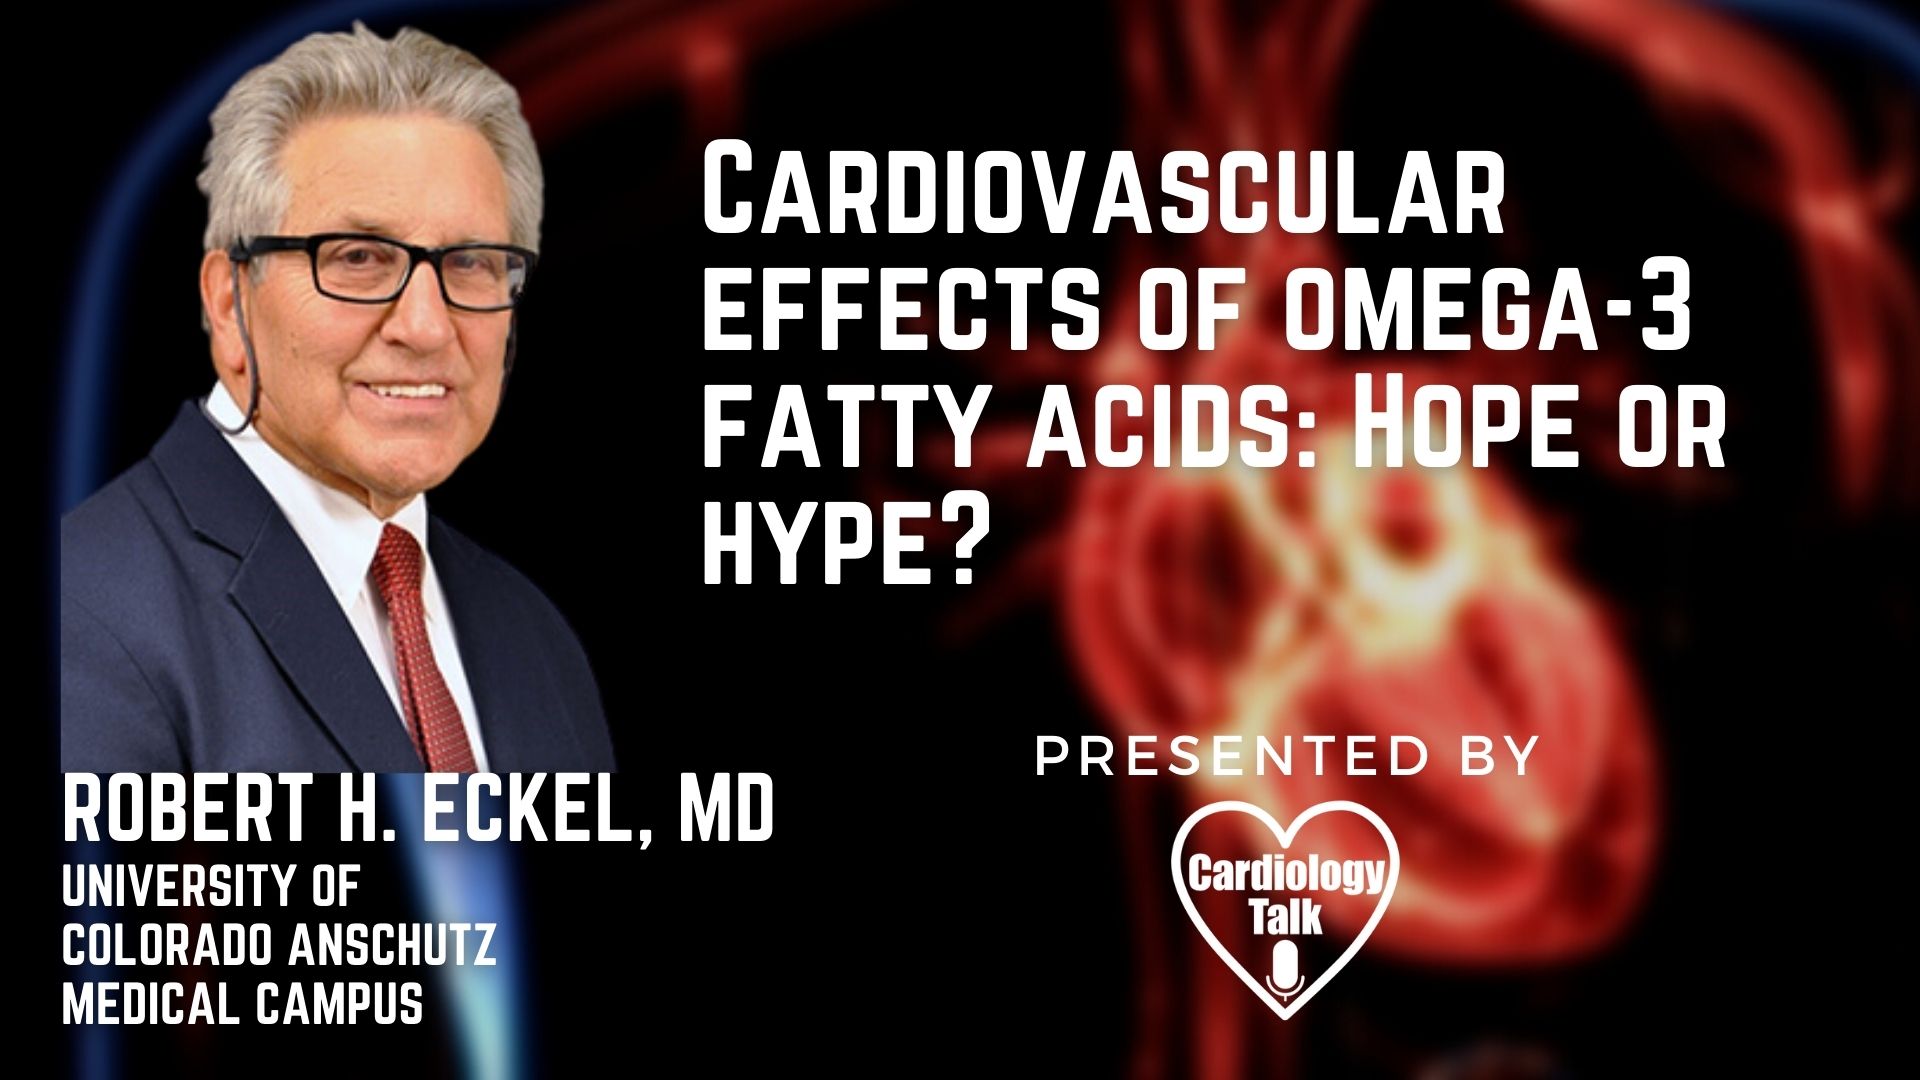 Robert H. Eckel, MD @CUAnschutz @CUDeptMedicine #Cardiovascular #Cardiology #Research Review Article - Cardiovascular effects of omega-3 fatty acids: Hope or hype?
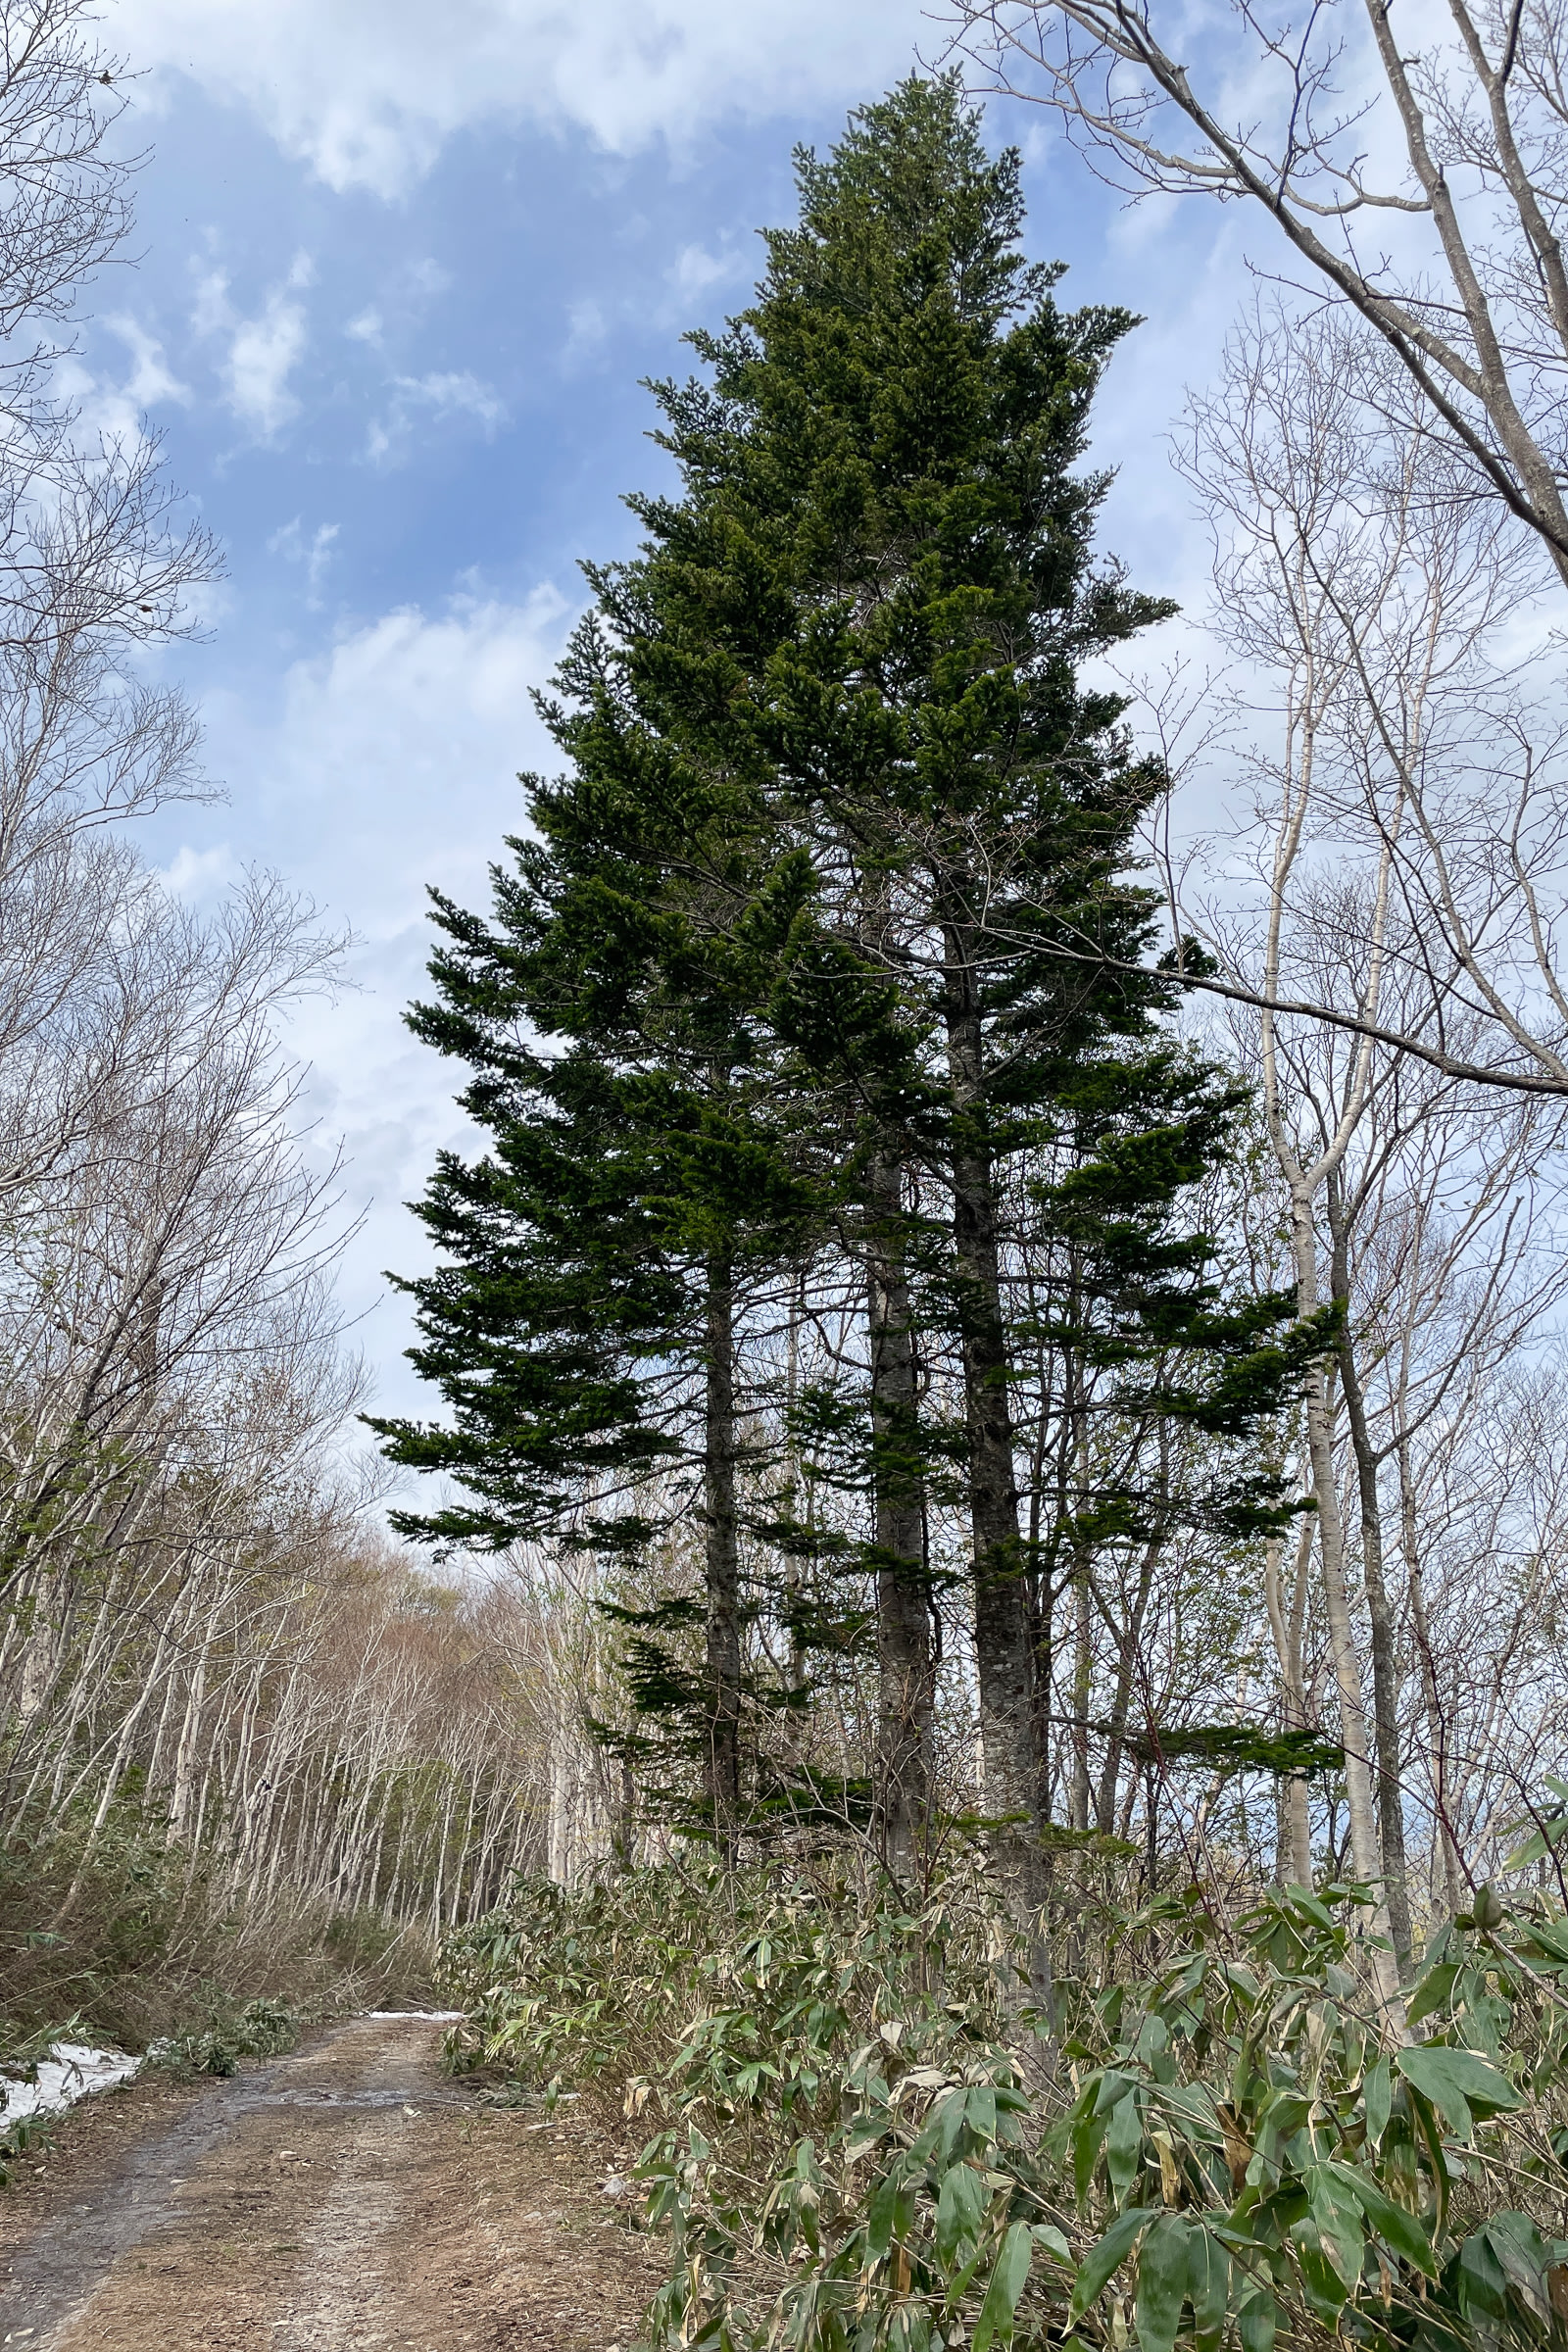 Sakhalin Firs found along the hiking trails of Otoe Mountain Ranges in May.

-=-=-

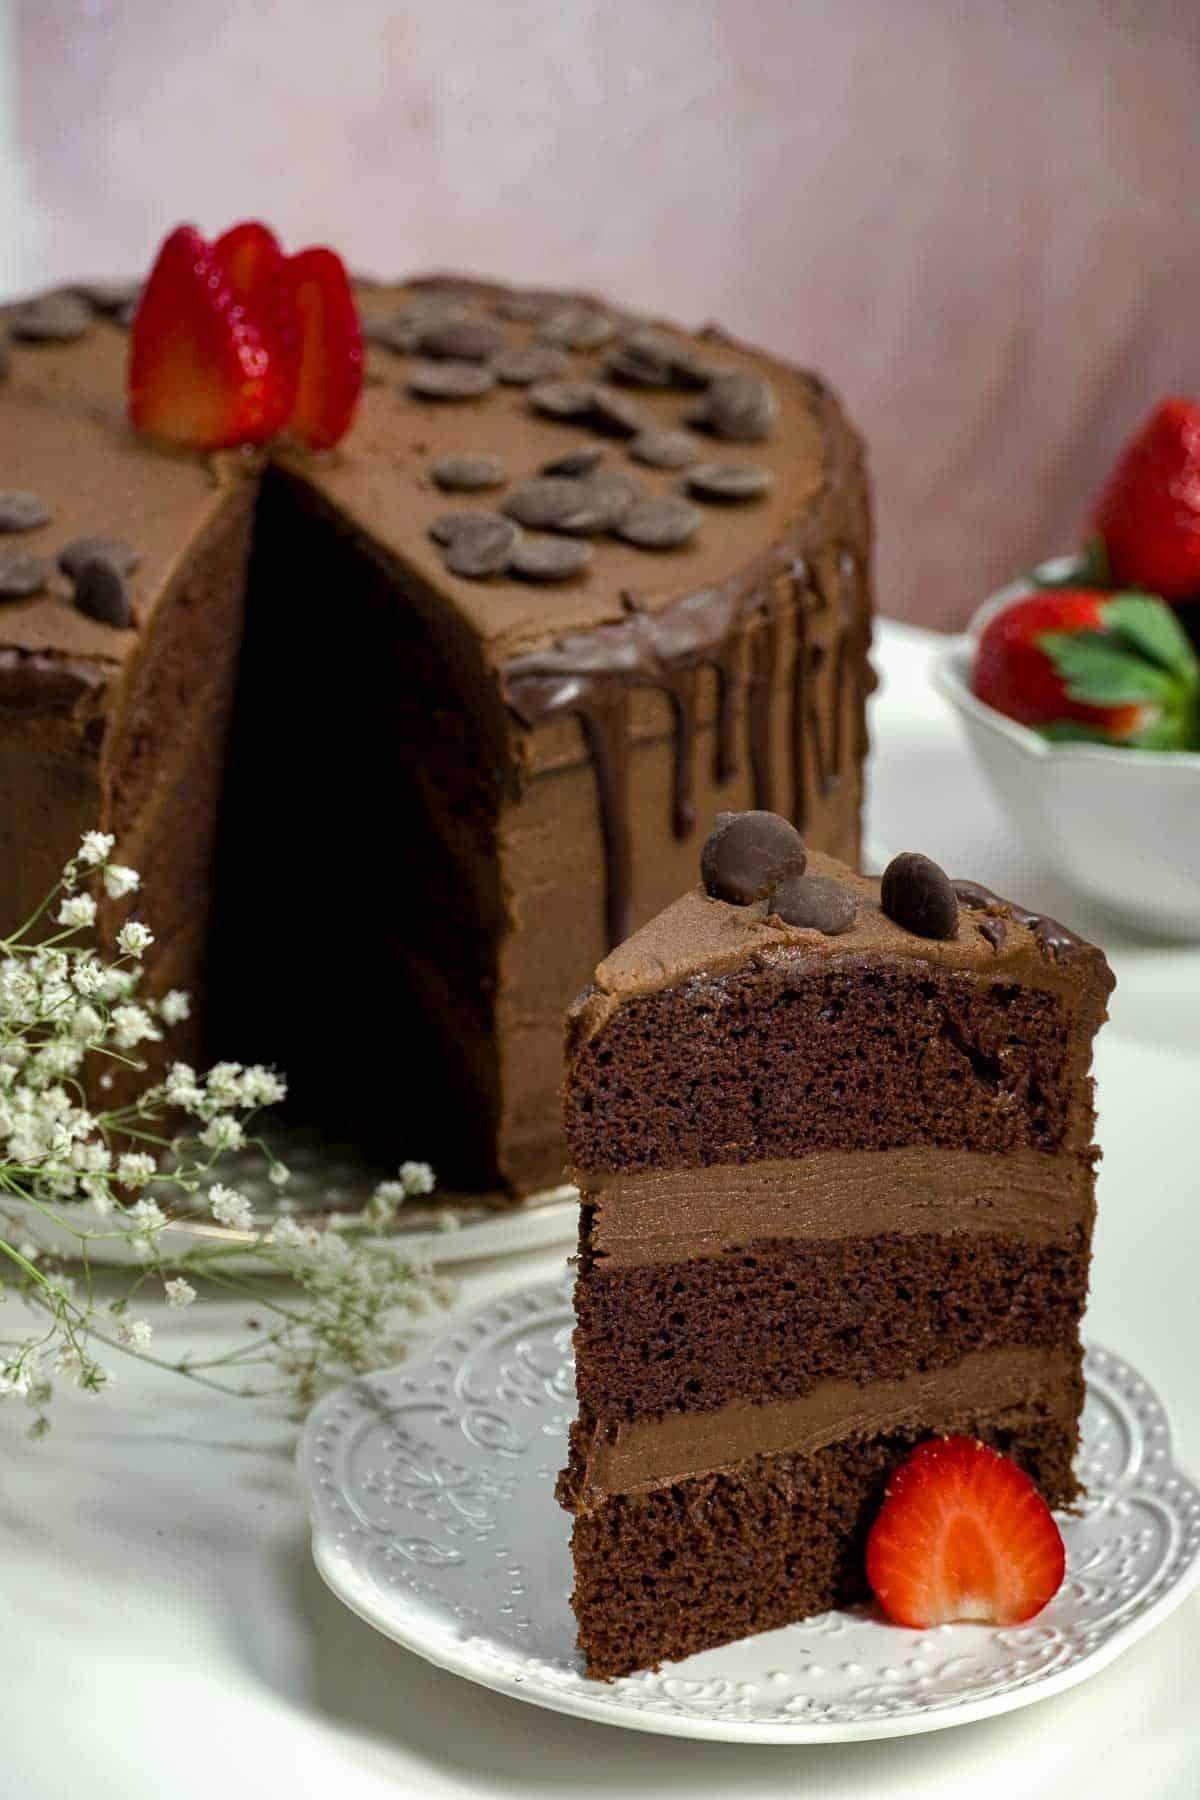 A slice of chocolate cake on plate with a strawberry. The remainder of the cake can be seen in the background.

-=-=-

*Exercise*:
From the data above, return only the lines starting at the line that holds "Robert H. Eckel, MD" and ending at the line that holds "Sakhalin Firs found", word for word and without pictures.

*Written response*:
 Robert H. Eckel, MD @CUAnschutz @CUDeptMedicine #Cardiovascular #Cardiology #Research Review Article - Cardiovascular effects of omega-3 fatty acids: Hope or hype?
 Sakhalin Firs found along the hiking trails of Otoe Mountain Ranges in May.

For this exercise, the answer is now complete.